Healthcare Orgs Report Improvements in Quality, Cost Using Data and Analytics

Feb. 21, 2018
In 2017, nearly three dozen organizations ranging in size from small community hospitals to some of the nation’s largest integrated delivery systems documented 125 improvements in quality, cost and efficiency using technology and improvement processes.

A well-defined benchmark in healthcare quality improvement is the Triple Aim—to improve the patient experience and health of populations while also reducing the cost of healthcare, as defined by the Institute for Healthcare Improvement. Achieving the three-part goal, however, has been difficult for most healthcare organizations.

Recent case studies have found that health systems that have adopted a systematic approach to the use of data and analytics to guide their improvement initiatives have documented major improvements in quality, cost and efficiency.

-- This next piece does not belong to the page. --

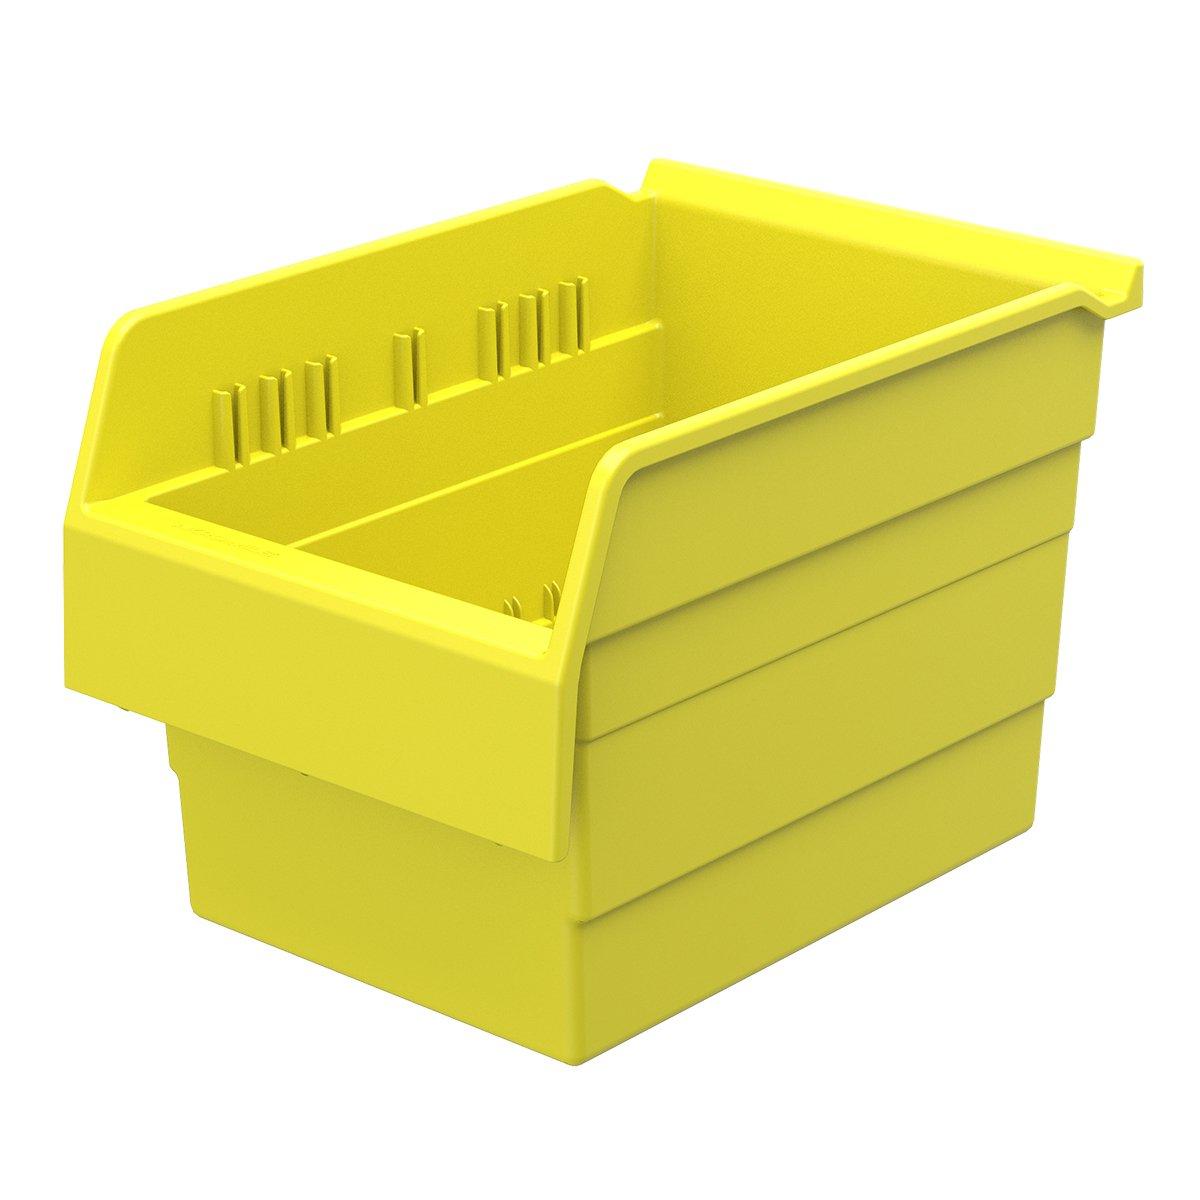 Akro-Mils 30880 ShelfMax 8 Plastic Nesting Shelf Bin Box, 12-Inch x 8-Inch x 8-Inch, Yellow, 8-Pack AKRPJ

In 2017, nearly three dozen organizations ranging in size from small community hospitals to some of the nation’s largest integrated delivery systems documented 125 improvements in quality, cost and efficiency using technology and improvement processes from Health Catalyst, a Salt Lake City-based data and analytics company.

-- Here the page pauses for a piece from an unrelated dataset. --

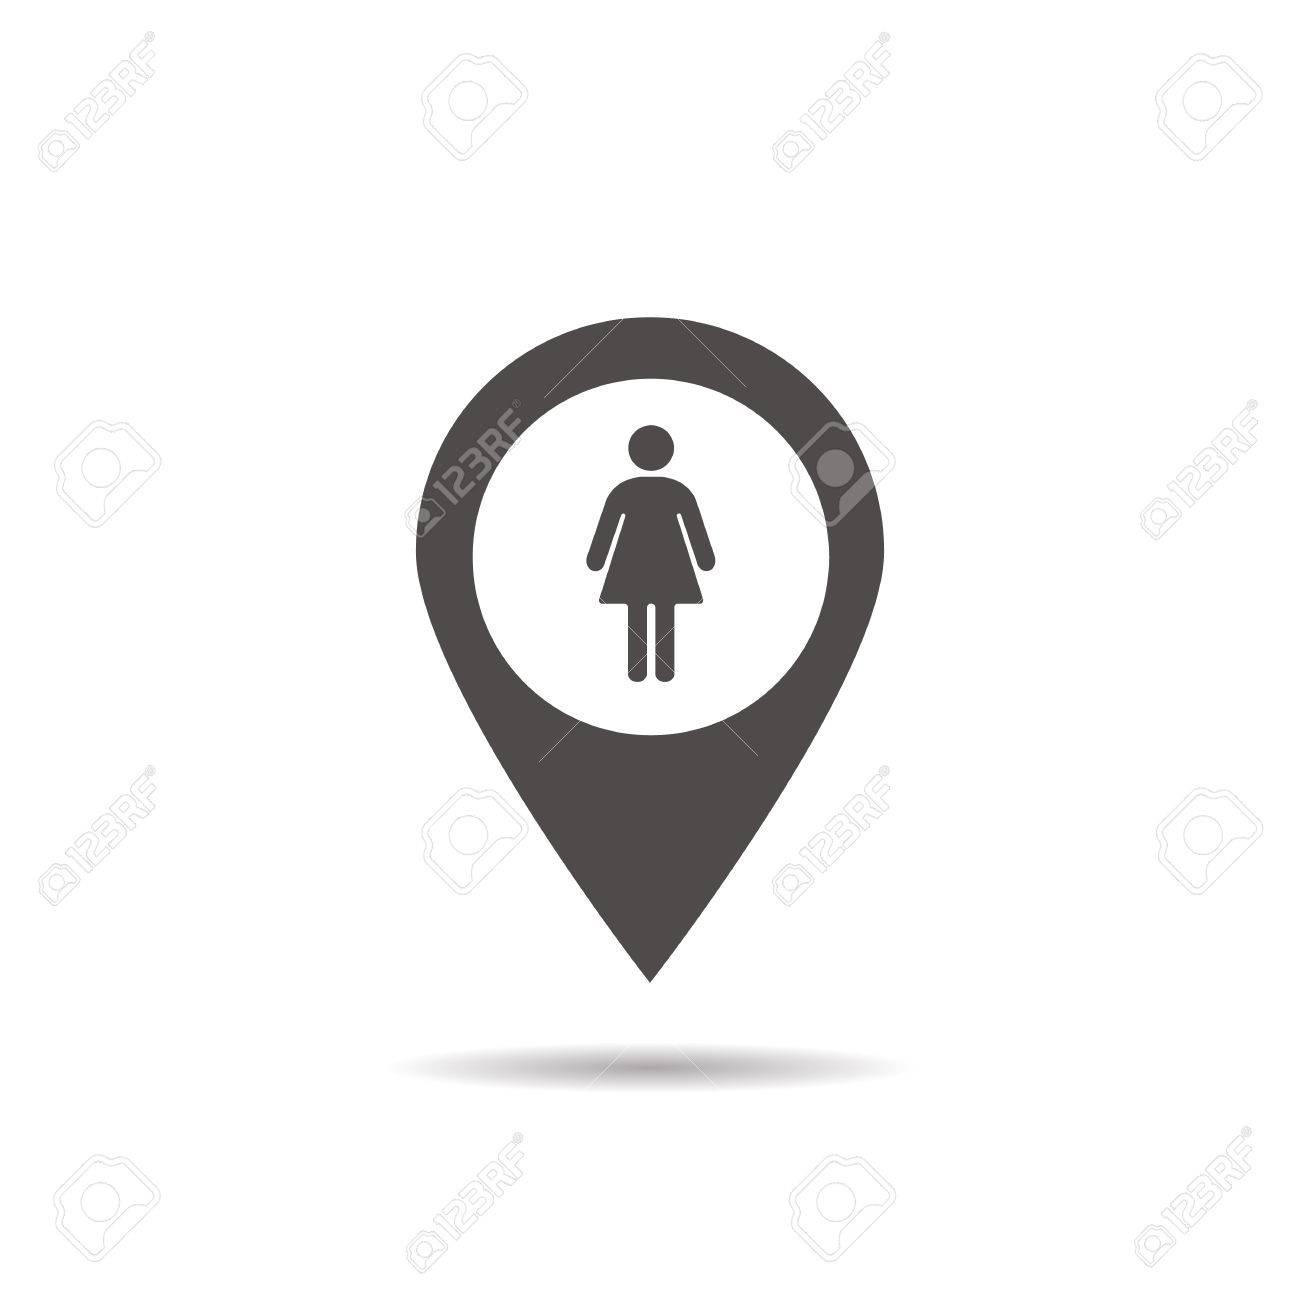 Icône De Localisation Des Femmes Wc Symbole De Silhouette De

According to Health Catalyst, 2017 improvements, substantiated in 48 case studies, represent a 69 percent year-over-year increase in documented improvement outcomes. Of the 125 outcomes that the company documented from three dozen healthcare organizations:

  • 42 percent included improvement in clinical outcomes such as reduced mortality, complication rates, readmissions, infections, and length of stay.
  • 18 percent included improvement in financial outcomes such as decreased variable cost, decreased total cost, increased revenue, and improved margin, as well as decreased denials, write-offs, and accounts receivable (A/R) days.
  • 35 percent included operational improvements such as improved workflow, reduction of unwarranted variation, improved patient access and decreased wait times for service.

The vast majority of the improvements documented by the hospitals and health systems analyzed were achieved in highly complex organizations with multiple hospitals and outpatient facilities, including several accountable care organizations (ACOs) responsible for the care of millions of patients.

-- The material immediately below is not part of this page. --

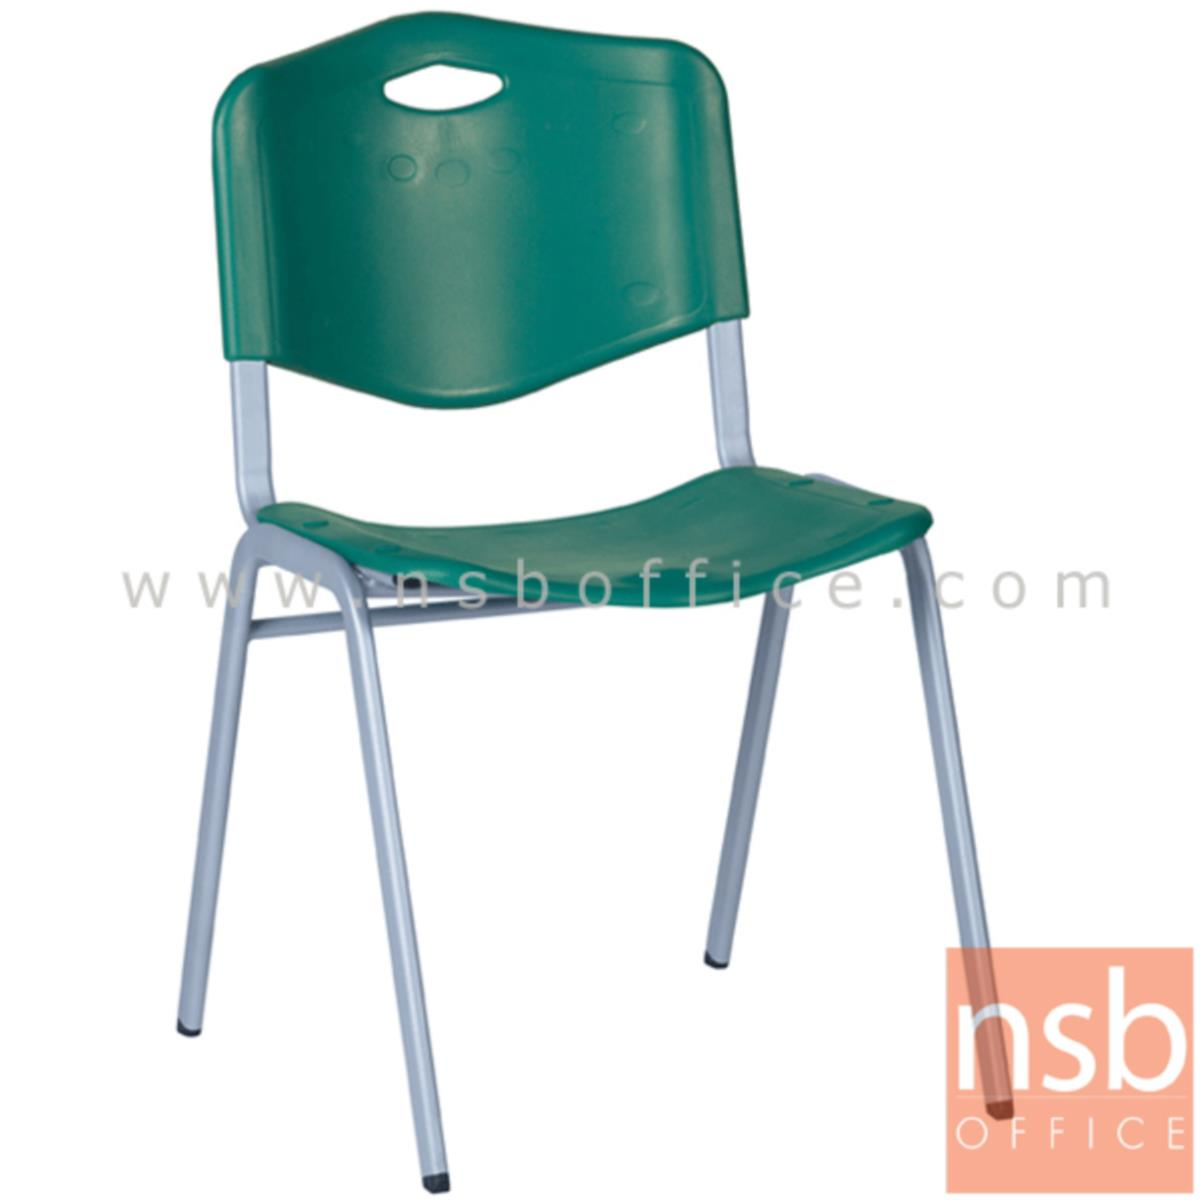 B05A056:เก้าอี้อเนกประสงค์เฟรมโพลี่ รุ่น B218-318  ขาเหล็กพ่นสีเทา

What’s more, 31 percent of the improvement projects involved workflow changes across multiple care locations, many of them affecting the entire care continuum for a patient population. Affected sites of care included the inpatient setting (38 percent of the total); the Emergency Department (31 percent); outpatient settings such as clinics (22 percent), peri-operative (20 percent); and the performance of risk-based payer-provider arrangements such as ACOs (10 percent).

“Improvements involving changes in practice across the continuum are extremely difficult to accomplish, so the scale of these improvements is incredibly impressive.  Many health systems are still trying to focus on improvement in just one hospital,” Brent James, M.D., a strategic advisor to Health Catalyst, and the former chief quality officer of Intermountain Healthcare, said in a statement. 

In addition to improvements in clinical, financial and operational outcomes, 42 percent of the documented total included improvements in analytics efficiency such as shortened time-to-value, time savings in producing and accessing information, and increased adoption of analytics by the organization.